While I do like abstract expressionism, I tend to sort of absorb it quickly and move on.  Quite a few of the abstract expressionists are a bit interchangeable, and they kind of fall into and out of favor depending on the piece (I suppose I do tend to rank Franz Kline and Mark Tobey towards the top).  Pollock and Krasner and Mitchell are just a bit lower, whereas I am just not as interested in Rothko or de Kooning and I actively dislike Cy Twombly, who is actually more out of the Pop era, but has a style more akin to the expressionists, at least some of the time.

I generally like figurative painters who are not entirely straight-forward.  This probably explains why Chagall and Beckmann are so high (probably the one area where I depart the most from conventional wisdom).  I don't like the simple Pop artists, but I find Rosenquist's juxtapositions interesting.  If I was only looking at their early work, I probably would not have put either Lichtenstein or Jasper Johns on the list, but both came up with more interesting work as they matured.  I particularly like Johns's take on the Four Seasons (apparently if I could come up with $175,000 I could buy the set...)


Am I completely consistent?  Of course not.  There are a few artists here who are on the list mostly on the strength of a single painting, such as Max Weber's Chinese Restaurant at the Whitney.

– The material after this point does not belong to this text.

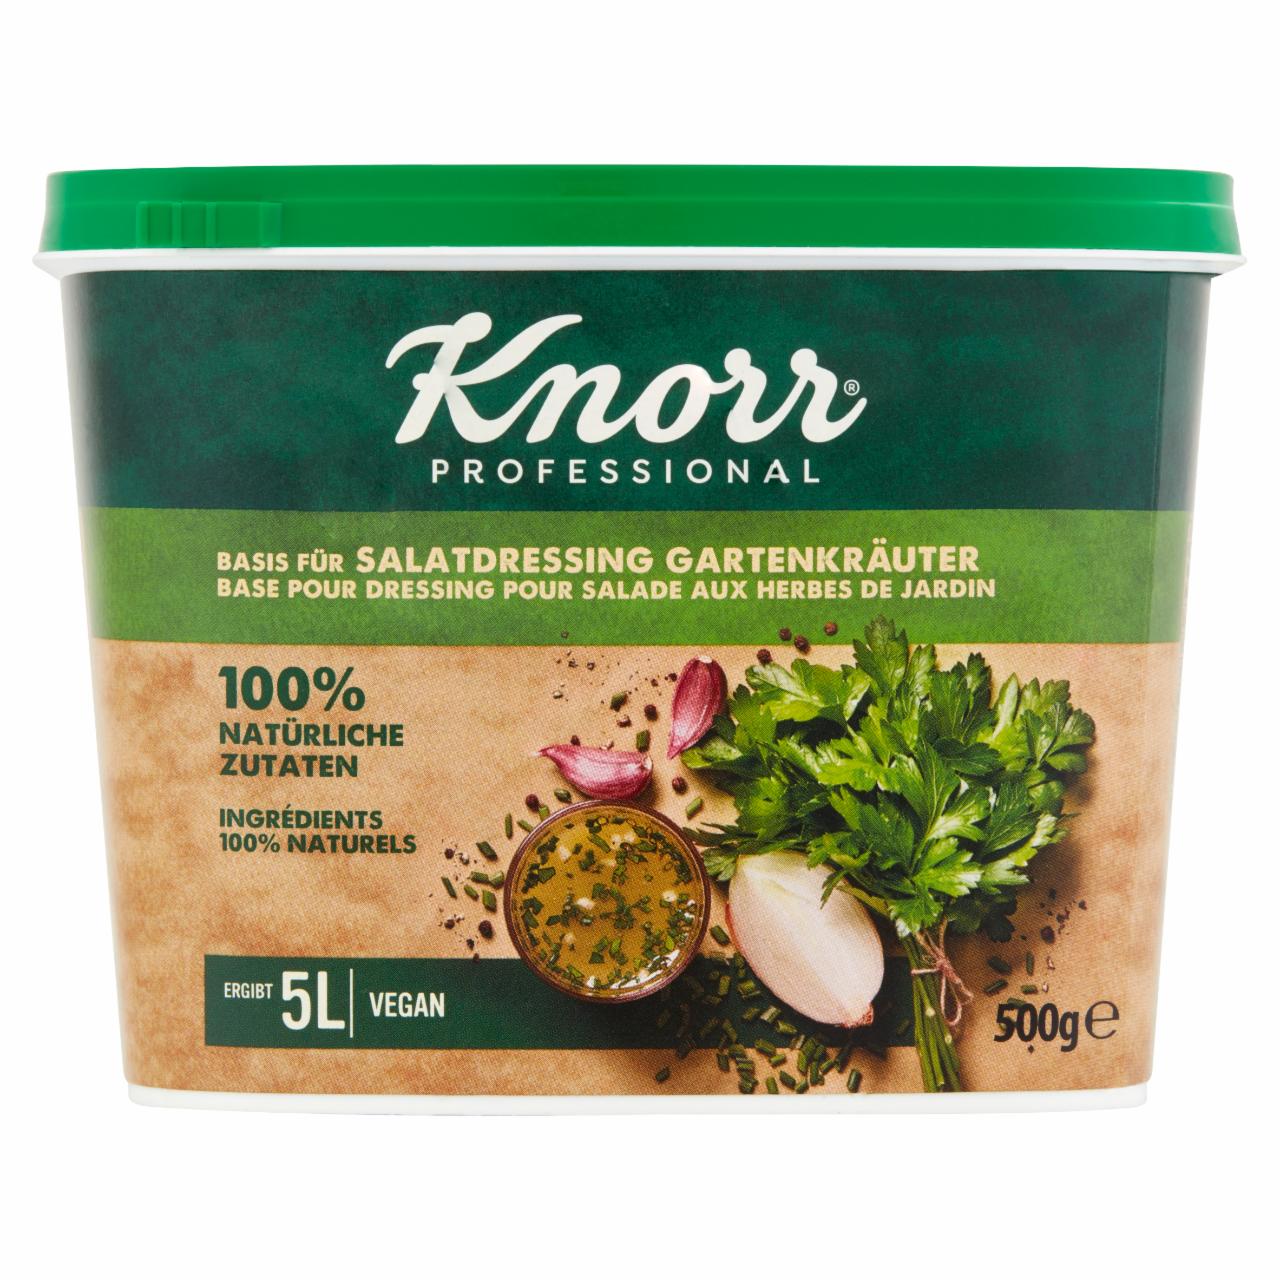 Zdjęcia - Knorr Professional Sos sałatkowy klasyczny 500 g

Max Weber, Chinese Restaurant, 1915

But there are other one-hit wonders I have left off.  I think for Paul Gauguin there are just as many paintings that interest me as make my skin crawl a bit, though ultimately, it's probably just a feeling that I should not reward colonization or colonizers that truly keeps him off my list.

This is probably the most intriguing painting from the earlier part of his career (typically on display at the Albright-Knox):

Paul Gauguin, The Yellow Christ, 1889

For some reason, this doesn't rank (with me) quite as highly as Chagall's somewhat similar treatment, which is on view at the Art Institute of Chicago.

Marc Chagall, White Crucifixion, 1938

While it is tempting, I will try to resist the temptation to put up my favorite one or two paintings by all the artists on the list.  I'm sure I'll figure out a way at some point to get my favorites on the blog one way or another.

I will end with a somewhat labored comparison between birth and death as portrayed by Beckmann and Chagall.

Again, the Chagall painting can be viewed in Chicago.

Marc Chagall, Birth, 1911-12

It is certainly arguable that death is ever-present as this peasant woman goes into labour, but it is just as interesting how there is such a jumble of activity around her, and in fact, she is somewhat off-center.

Beckmann's Birth painting is a somewhat simpler composition, though there are certainly quite a few bystanders.

Max Beckmann, Birth, 1937

Beckmann's Death is closer in spirit to Chagall, with reversed figures hugging the ceiling.

Max Beckmann, Death, 1938

(I was fortunate enough to see both of these at the 2003 MoMA show.)

To close out, I will end with Chagall's The Falling Angel, which is in a private collection, but is occasionally lent to major museums.  I have not seen it in person.

Marc Chagall, The Falling Angel, 1923-47

The color schemes are different, and Beckmann uses a much thicker line throughout, but somehow I see quite a few similarities (filling the frame with candles, skulls, musical instruments, magical birds and other animals) in the dream-like, sometimes nightmarish paintings by these two, who are both so high on my list of favorite artists.


* I suppose this is a companion piece to my ranking of art museums from the early days of this blog.  That's still a solid list though I might bump Museo Reina Sofía down several slots and move the St. Louis Museum of Art up a few.  I still haven't seen the Hermitage nor the Uffizi.  I'm far more likely to get around to the latter than the former, at least in the near future.